Three Stars: Ed Harris Disdains the Digital Age in Netflix’s ‘Kodachrome’

'Kodachrome' is about the tragedy of saying goodbye to the pre-digital age.

Ed Harris and Jason Sudeikis in Kodachrome. Netflix

Well-considered and sincerely acted, Kodachrome is a character-driven drama that has been wrongly labeled a comedy by some so-called critics. There is nothing funny about it. It’s actually a lament for another lost American value replaced by digital second-rateness, this time the cherished Kodachrome color film process by which photography used to look 100 times better than it does now.

You see all of these victims of cell-phone addiction running around taking pictures of dogs, parking meters and each other without any place to develop them. Nothing is suitable for framing anymore. You end up with pieces of paper you erase upon digital delivery. Real photographs you used to keep forever in silver frames have gone the way of land lines that allow you to hear the voice on the other end with clarity, 35-mm. movies you can see on a screen bigger than a postage stamp, books you can read sitting down, and the beautiful music of long-playing vinyl records. The tragedy of saying goodbye to all that is what Kodachrome is about.
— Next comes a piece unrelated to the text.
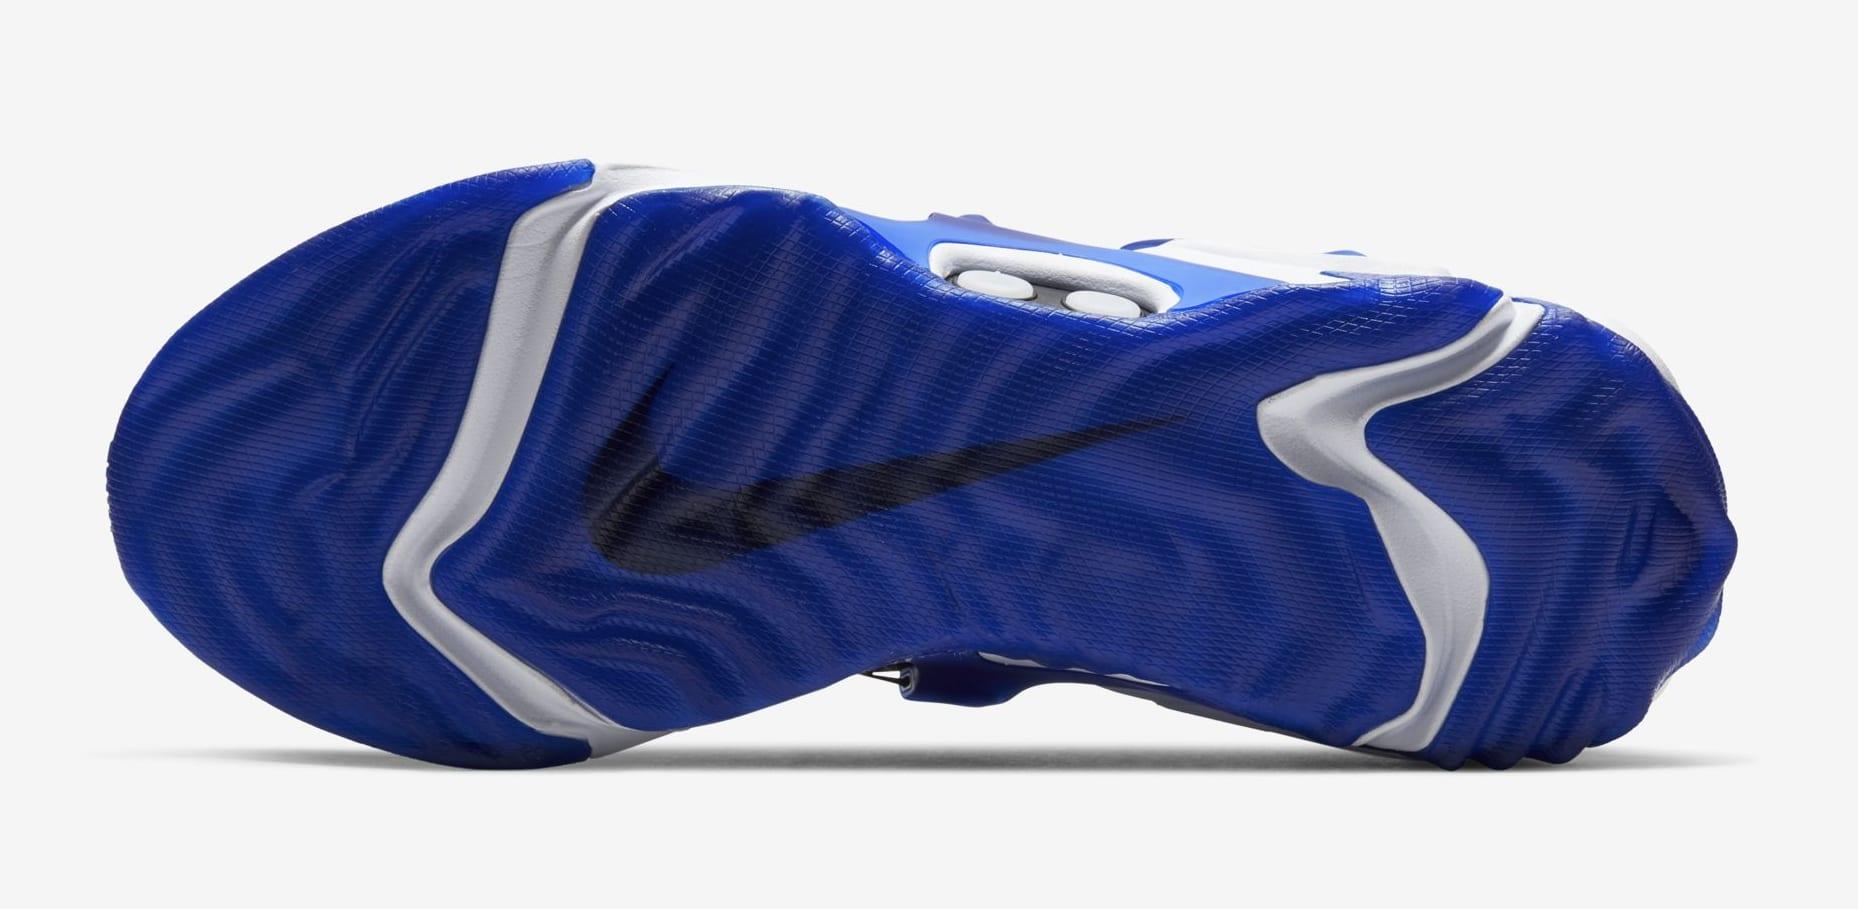 nike-adapt-huarache-black-racer-blue-outsole
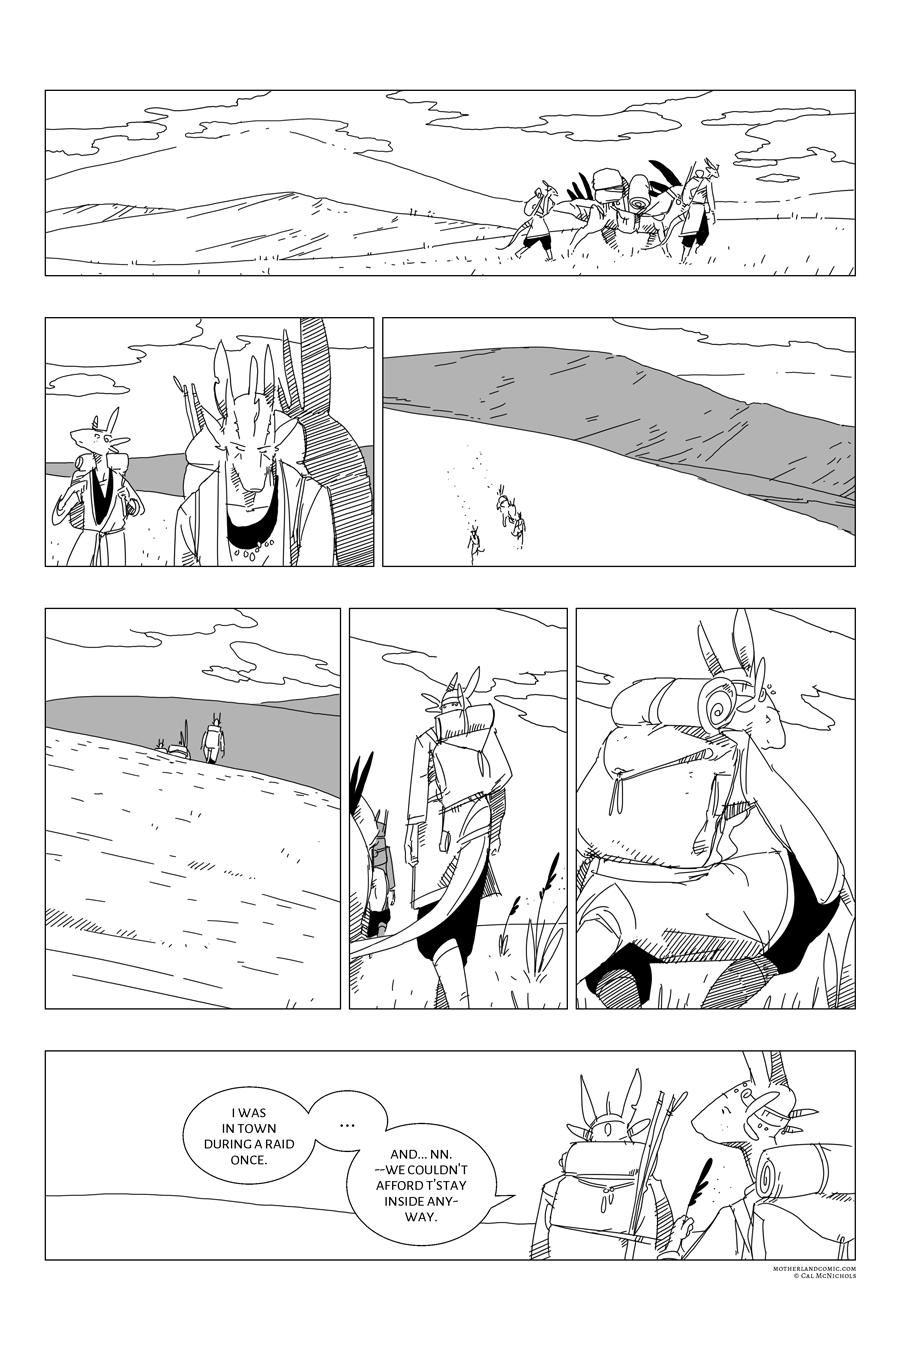 pg 66

It is also a road trip, a love story, and a domestic drama about failed communications between generations divided by grief and misunderstanding. Cynical after an acrimonious divorce and dumped by his latest Top Ten pop discovery, record producer Matt (Jason Sudeikis) is out of luck and employment. Understandably depressed, he’s wondering what to do next when a pretty girl named Zooey (Elizabeth Olsen) informs him his father Ben is dying of liver cancer with less than three months to live. Ben (Ed Harris) is a world-famous photographer with a box of old, undeveloped film he wants to display in one last art gallery exhibition before he dies.

The hitch is there is only one remaining lab in the world called Dwayne’s Photo in Parsons, Kansas (a real place) that processes Kodachrome film stock and it will close its doors forever in a matter of days, and Ben wants his son to drive him there. Matt hates the father who abused his mother and neglected him as a child, and hasn’t spoken to the old man in a decade, but out of guilt, responsibility and pity, he decides to take the trip, with Ben and his nurse Zooey in tow.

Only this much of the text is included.